Pharmaceutical News Roundup: Human Genome, Merck, Novartis
FDA Votes in Favor of Human Genome's Lupus Drug
Human Genome Sciences (HGSI) shares have been quite the volatile over the last few trading days as investors geared up for a Food and Drug Administration advisory panel vote on its lupus drug, Benlysta, which finally came late Tuesday. In a 13-2 favorable vote the panel of outside experts recommended to approve the drug -- the first new lupus treatment in decades.
Lupus is a chronic autoimmune inflammatory disease in which the patient's own immune system attacks healthy tissue, causing inflammation and tissue damage. If approved -- and the panel's recommendation is a strong step toward approval -- Benlysta has potential to be a blockbuster, with estimates of peak annual worldwide sales reaching $3 billion.

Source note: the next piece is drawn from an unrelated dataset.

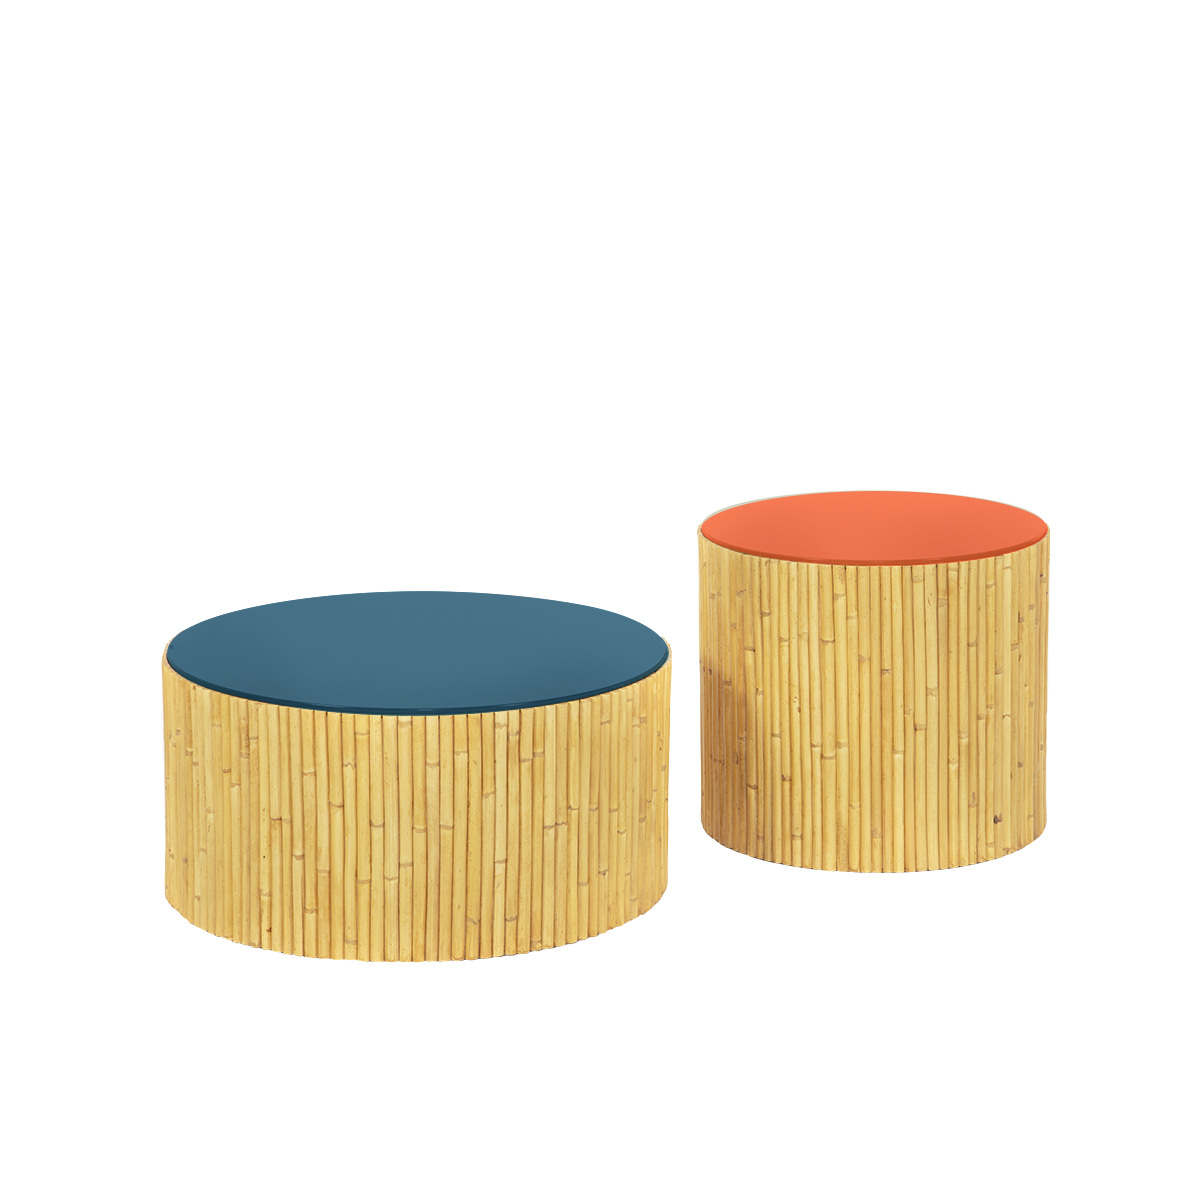 Duo of Coffee Tables Rivera, Natural / Black - ø60 x H30 cm and ø45 x H40 cm - Rattan / Lacquered wood - image 9

Shares of the small biotech fell last week after the FDA raised tough questions about Benlysta's benefits and adverse events. After being halted Tuesday, shares started the morning down 7% in premarket trading on worries that label warnings listing the potential side effects -- among them increased risks of suicide and depression -- might curb Benlysta sales, and because of two downgrades from Citigroup and Bank of America. Shares pared their losses in the regular session.
The panel also voted 14-1 that the drug is safe, and 10-5 that it is effective. A decision from FDA is expected by Dec. 9. Meanwhile, shares of Human Genome' partner, GlaxoSmithKline (GSK), were up 3%.
Merck Heart Drug Improves Cholesterol Levels
Pharmaceutical giant Merck & Co (MRK) reported its experimental heart drug positively affected both good and bad cholesterol levels substantially, according to data from a clinical trial.
It will likely be at least five years before Merck can begin selling the drug, Reuters reported. Other potential treatments from this class of drugs have failed in the past, exhibiting adverse side effects in studies, including higher death rates. But researchers found no evidence of these side effects in anacetrapib, which increases the good cholesterol considerably more than other therapies.
While researchers observed lower rates of cardiovascular death, heart attack, stroke and hospitalization for unstable angina in patients taking anacetrapib, Merck will have to conduct a large "outcomes" trial to prove the drug reduces heart attacks and deaths rather than merely impacting cholesterol levels. On Wednesday, it announced a four-year, 30,000 patient trial. Merck shares were up 1.5% in late afternoon trading.
Novartis Presents New Strategic Plan
Novartis (NVS) shares rose fractionally Wednesday after it unveiled an accelerated cost-cutting and efficiency improvement plan with the goals of improving profitability and securing long-term growth. The company plans to cut costs in supply chain, marketing, sales and procurement, while diverting assets to innovation, specialty medicines and emerging markets.
The Swiss drugmaker will have to deal with a number of key drugs losing patent protection in the coming years, including multi-billion dollar blood pressure drug Diovan. "Key to offsetting patent expirations is converting the innovation into sales growth," Novartis said.
Basel-based Novartis said it has 142 pipeline projects, of which more than 35% are in Phase III or registration, and that it is planning for 30 regulatory submissions before the end of 2012. It also plans to increase "the percentage of specialty and oncology products in its portfolio, from currently over 65% to more than 75% of expected pharmaceuticals sales in 2015."
Novartis is also banking on its eye-care unit, its Sandoz generic division, consumer health, vaccines and diagnostics to drive growth. In addition, it plans to strengthen its operations in the fast-growing emerging markets of China, Russia, Brazil and India.